I am interested in a way to measure the detailed performance of a custom Tensorflow Op when run on a GPU.
So far I have tried the approach of this post using a Timeline, as well as the internal Tensorflow Profiler (tf.profiler.Profiler
). Both deliver very similar results, which are fine if I want to investigate a Network, but for profiling a single Op the output is too coarse and doesn't include intra-op calculations (at least I couldn't find a way for that). My next try was using the CUDA profiler nvprof
(or nvvp
for that matter), which is more in the right direction and displays single calls to CUDA kernels and Memory allocations. But now, the CPU calculations are not included. I tried running nvprof --cpu-profiling on
, but now the profiler never finishes (see here)

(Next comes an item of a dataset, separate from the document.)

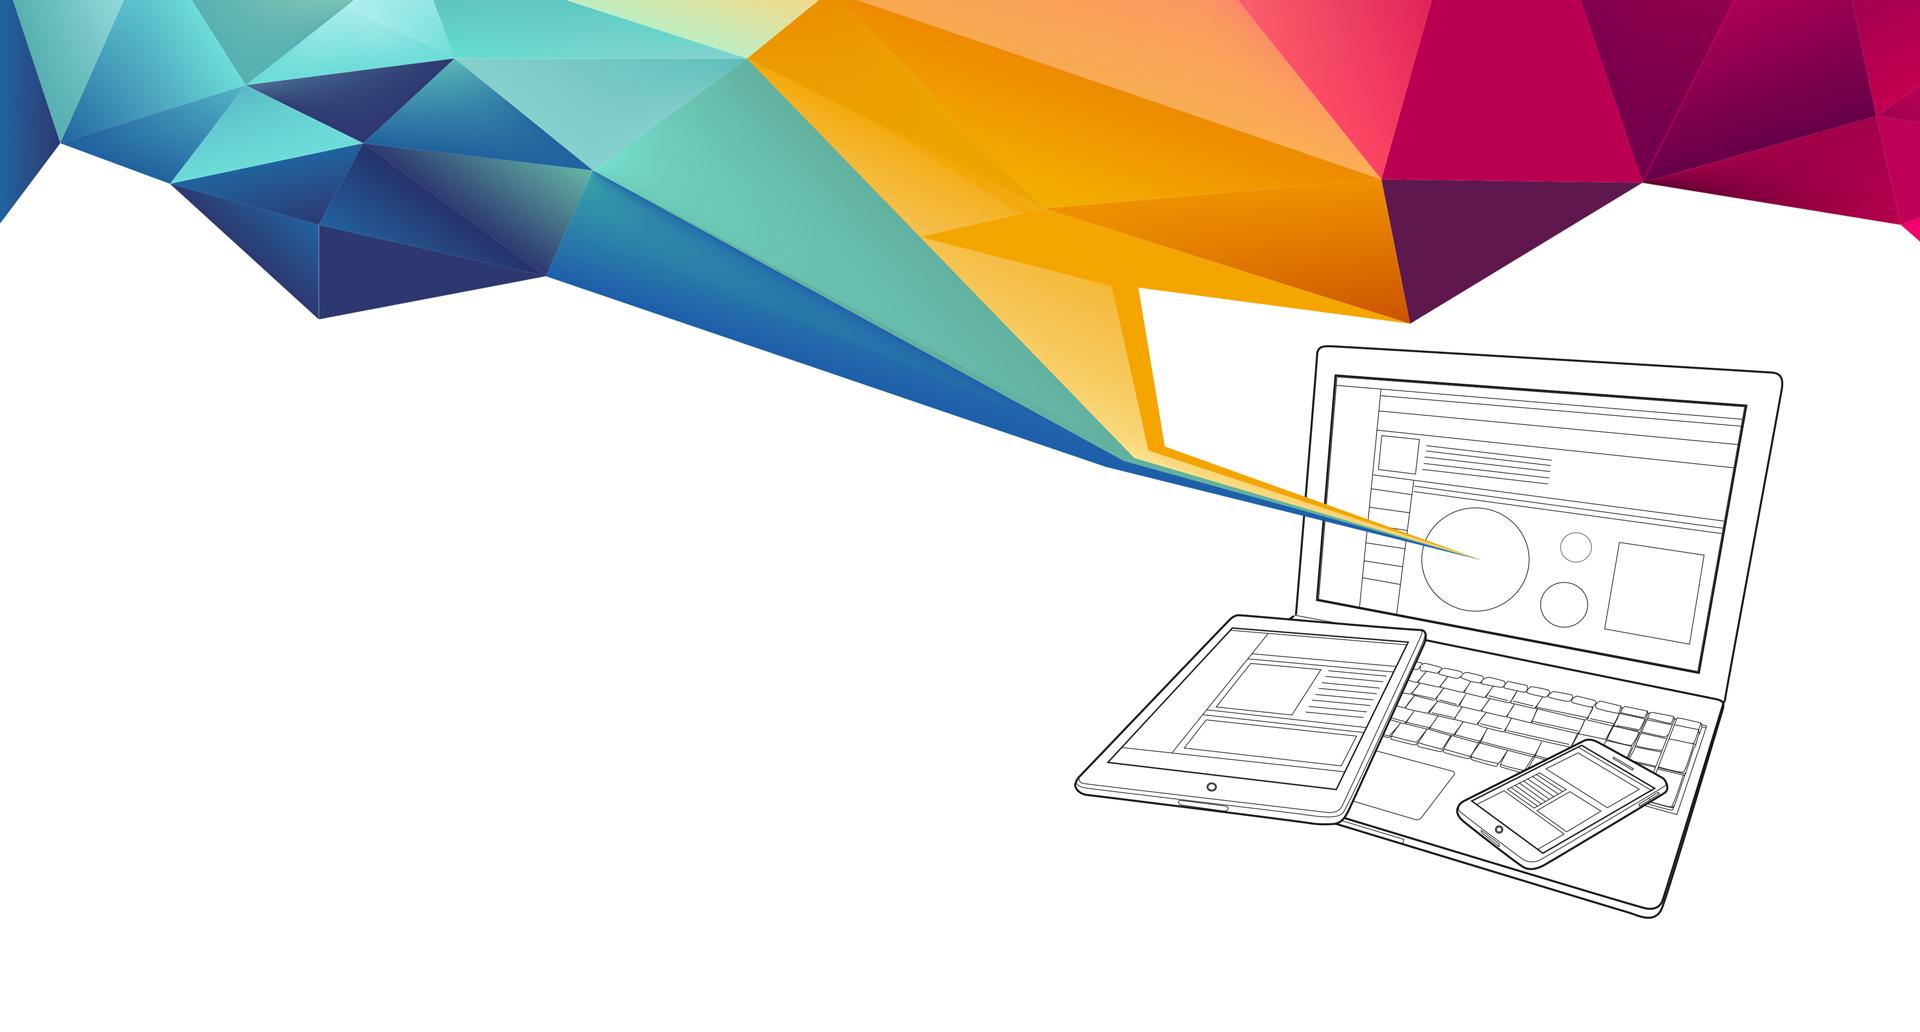 Vektorgrafik Laptop, Handy, Tablet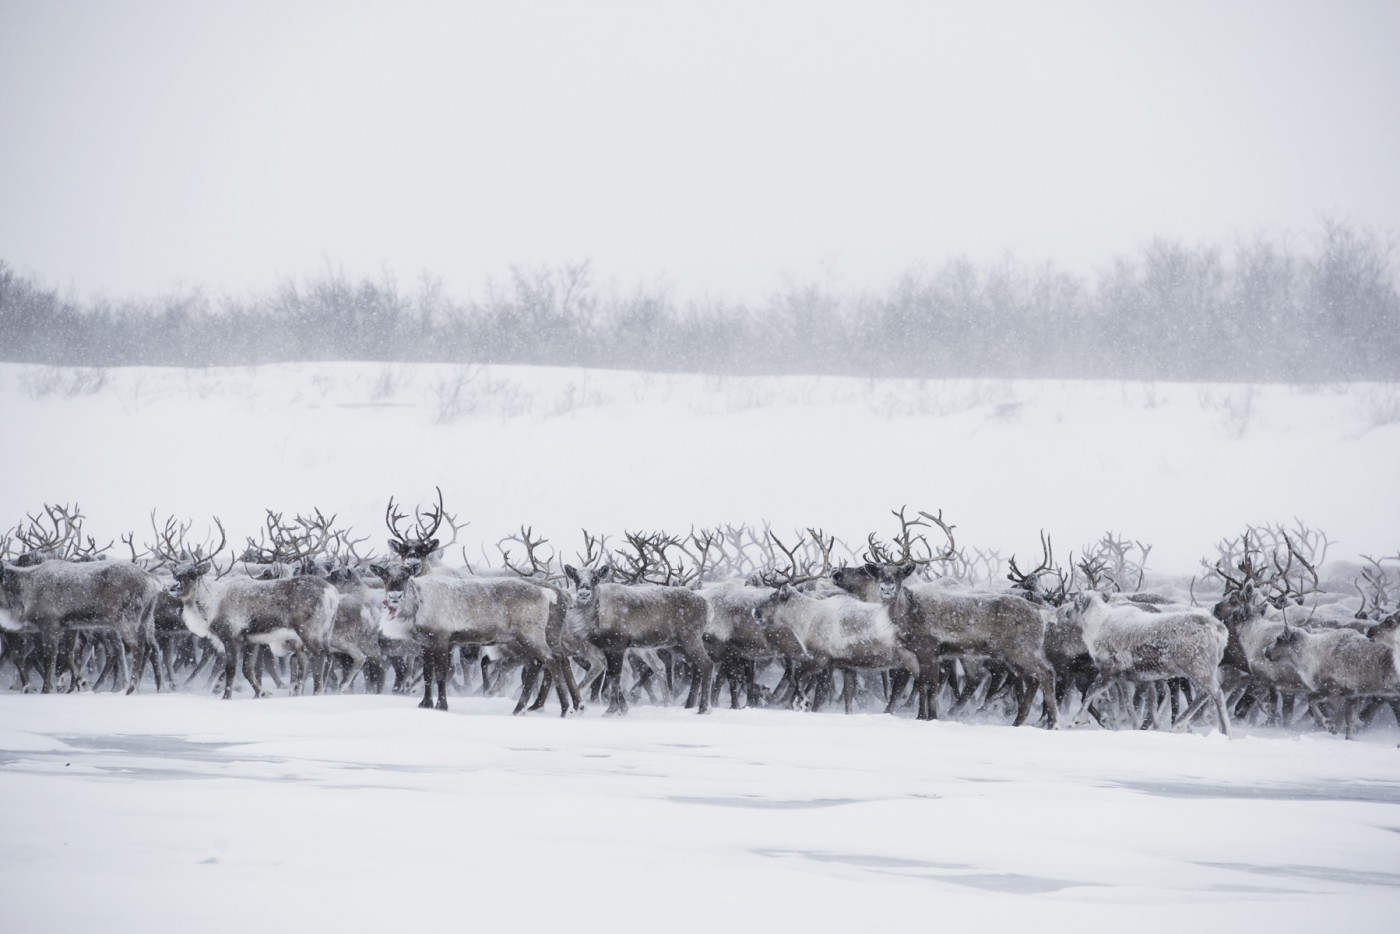 "Jason van Bruggen, </span><span><em>Reindeer Herd #4</em>, </span><span>2015. Chromogenic print, 40x60""."

My scenario is the following: I wrote a custom Op that is very similar to a convolution in 2D and should not take much more time to calculate. In a Network, my custom Op's performance is about 3 times worse than tf.nn.conv2d
. Using the tf.profiler.Profiler
I get the following:
Profile:
node name | requested bytes | total execution time | accelerator execution time | cpu execution time
CustomConv2DBackpropInput 72.09MB (100.00%, 7.04%), 194.36ms (100.00%, 38.05%), 49.82ms (100.00%, 17.61%), 144.54ms (100.00%, 63.44%)
CustomConv2D 65.54MB (92.96%, 6.40%), 95.41ms (61.95%, 18.68%), 45.16ms (82.39%, 15.96%), 50.25ms (36.56%, 22.06%)
CustomConv2DBackpropFilter 134.48MB (86.55%, 13.14%), 72.39ms (43.27%, 14.17%), 41.22ms (66.44%, 14.56%), 31.17ms (14.50%, 13.68%)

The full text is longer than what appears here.